Nonparametric Inference with an Instrumental Variable under a Separable Binary Treatment Choice Model
Chan Park, Eric Tchetgen Tchetgen

TL;DR
This paper develops a nonparametric inference framework for instrumental variable models with binary treatments, introducing a new parameterization and efficient estimation methods that leverage machine learning, applicable to various treatment effect settings.
Contribution
It proposes a novel variationally independent parameterization and fixed-point approach for nonparametric IV inference, enabling efficient estimation without restrictive assumptions.
Findings
Achieved semiparametric efficiency bounds for treatment effect functionals.
Developed a flexible estimator using machine learning for nuisance functions.

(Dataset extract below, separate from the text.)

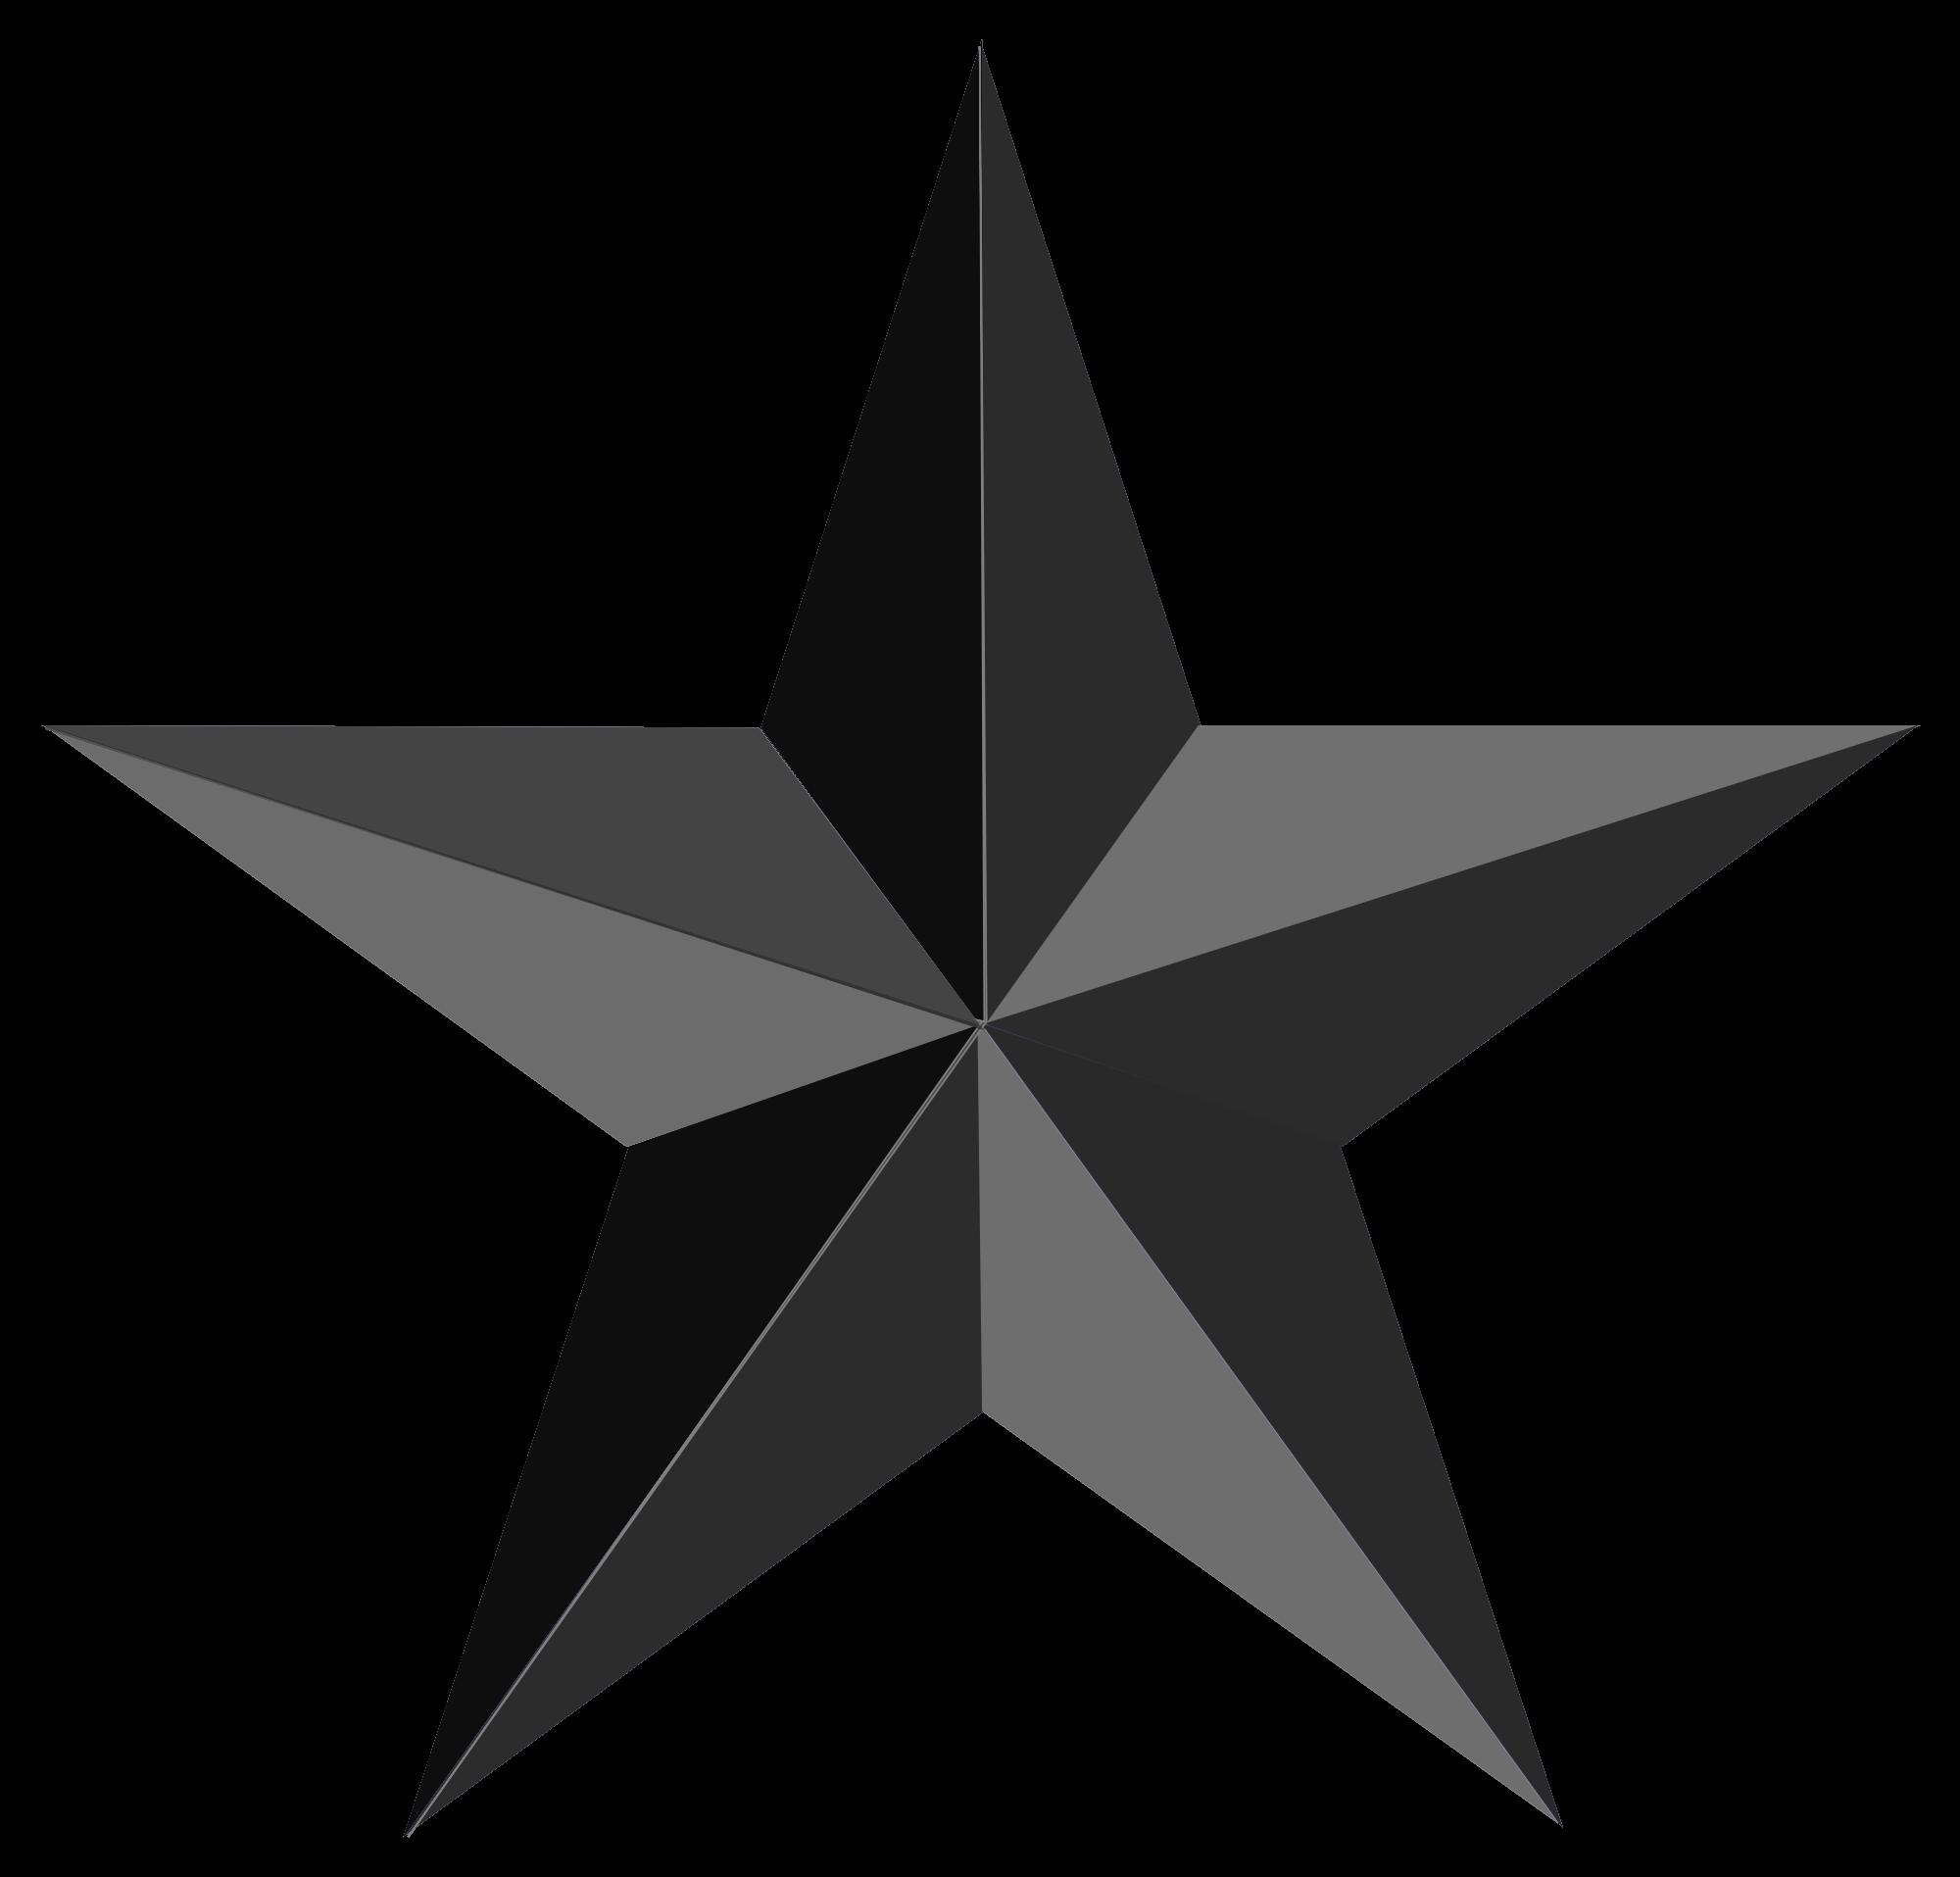 платья, открытую черная звезда картинки этот

Validated methods through simulations and real data application.
Abstract
Instrumental variable (IV) methods are widely used to infer treatment effects in the presence of unmeasured confounding. In this paper, we study nonparametric inference with an IV under a separable binary treatment choice model, which posits that the odds of the probability of taking the treatment, conditional on the instrument and the treatment-free potential outcome, factor into separable components for each variable. While nonparametric identification of smooth functionals of the treatment-free potential outcome among the treated, such as the average treatment effect on the treated, has been established under this model, corresponding nonparametric efficient estimation has proven elusive due to variationally dependent nuisance parameters defined in terms of counterfactual quantities. To address this challenge, we introduce a new variationally independent parameterization based on…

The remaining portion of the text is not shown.